Of course, national and global aid agencies are not the only purveyors of assistance; the far-flung Philippine diaspora will undoubtedly help the victims of Haiyan. Research by Dean Yang at the University of Michigan has shown that in previous disasters in the Philippines, increased remittances from Filipinos working abroad helped to make up for as much as 60 percent of economic losses. This is very good insurance; other developing countries thinking about disaster preparedness may want to consider following the Philippines’ example and actively support citizens’ efforts to temporarily work abroad.

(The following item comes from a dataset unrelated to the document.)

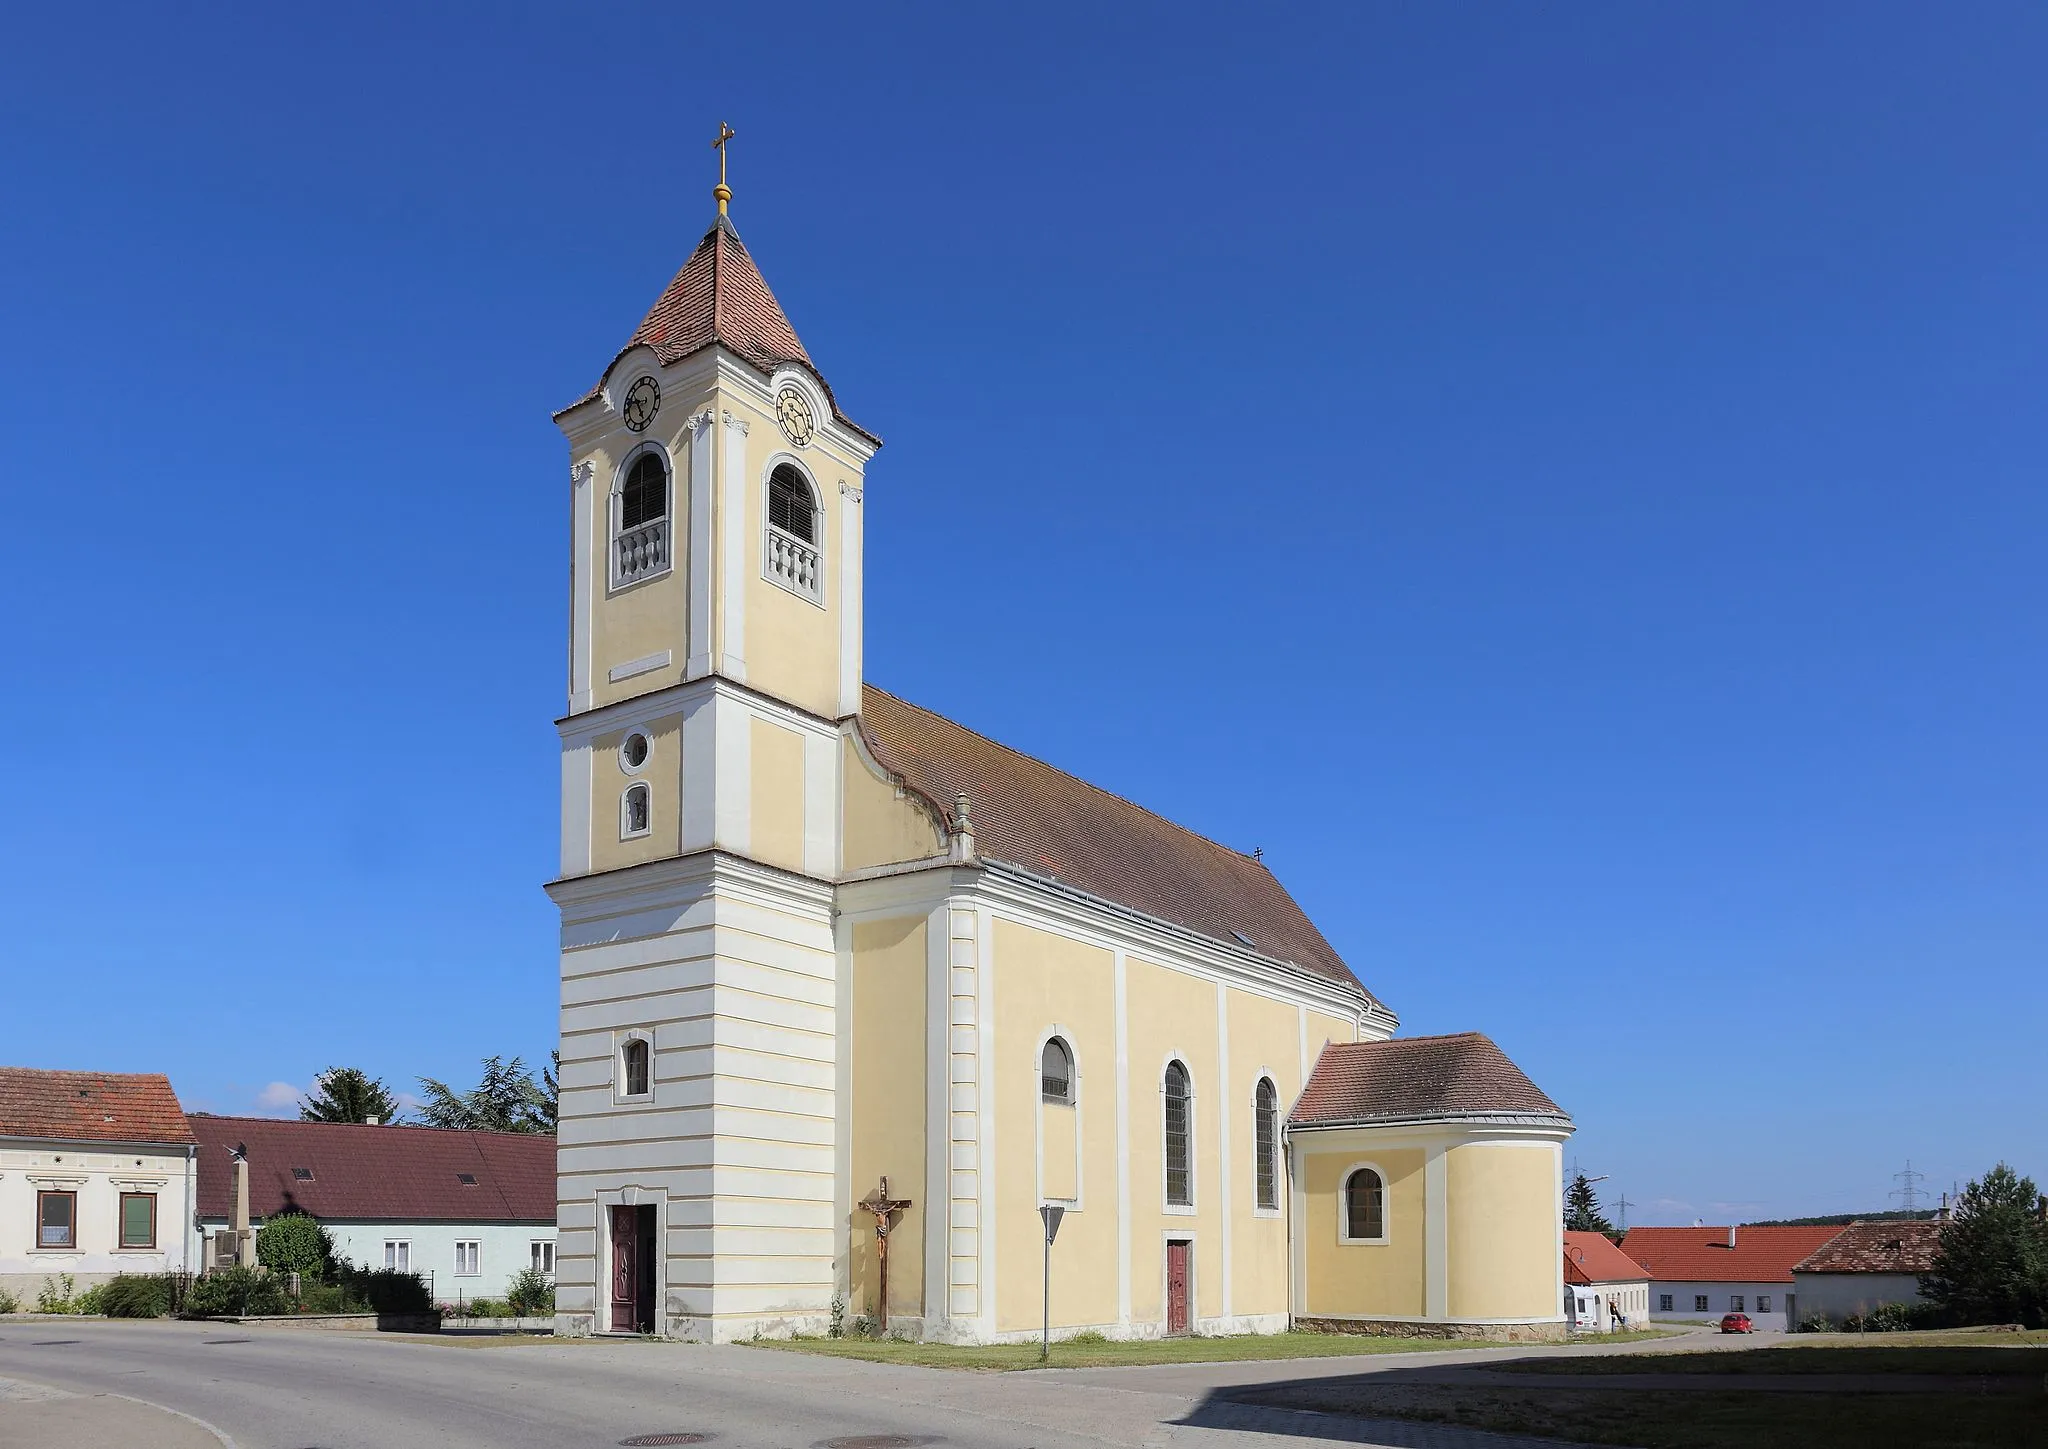 Photo showing: Katholische Pfarrkirche hl. Kreuz in Grafenberg, ein Ortsteil der niederösterreichischen Gemeinde Straning-Grafenberg. Dieses klassizistische Bauwerk wurde 1801 errichtet.

One area where the Philippines has done less well is in the provision of secure identification, such as biometric IDs that are viable even if physical identification cards and supporting paperwork have been destroyed. Biometric ID, which uses new low-cost technology for iris scans, fingerprints and other unique traits, makes it possible to provide large numbers of poor people with proof of their identity. Research by our colleague Alan Gelb has shown that effective identification empowers the poor. It is crucial for the fair distribution of relief assistance, for government cash transfers and for the secure delivery of remittances.

A good example of ID success comes from an unexpected place: Pakistan. In July 2010, floods covered a fifth of the country and millions of families lost their homes, with housing damage alone estimated at $1.5 billion. Many people sought refuge in temporary camps and urgently needed assistance to rebuild their homes and farms. Pakistan was able to take advantage of a national biometric-identification database to identify displaced people and provide them with cards that could be used at banks and other points of service to receive cash payments to help them rebuild.

The first phase provided about $250 to each head of a flood-affected household, and a second phase brought the total to $1,250. The later phase is still being evaluated, but assessments of the first phase show that the payment mechanism succeeded; money reached the intended beneficiaries rather than being diverted. Recipients were easily able to withdraw their benefits, and most incurred only small travel costs to reach a location where they could get their cash.

Despite some difficulties with the process — for example, not all people had kept their information up to date in the national database — most wished to receive further transfers through the cards, and some also wanted to turn their relief card accounts into permanent bank accounts. About 85 percent of the initial grant was used for food, medicine, health care, clothing, shoes, reconstruction, tools and other investment goods. Beyond the flood response, Pakistan’s ID is now being used more widely to underpin the provision of social grants, such as programs for poor women.

The survivors of Haiyan have a lot to worry about in the days and months ahead, and the world is ready and willing to help. To make that aid effective, and to ensure that it reaches the people who need it, donors, starting with the United States, should commit to full and rapid transparency. Donors should also offer to support the Philippines in rolling out biometric ID, should the country want it. While it’s much better to put identification systems in place ahead of a disaster, India, which has implemented a massive program that has already identified half a billion people, has shown how quickly the technology can be rolled out.

We must think ahead. Haiyan will not be the last typhoon to strike; nor is the Philippines the only vulnerable country. The international community must embrace the technology available to strengthen disaster preparedness, resilience and aid.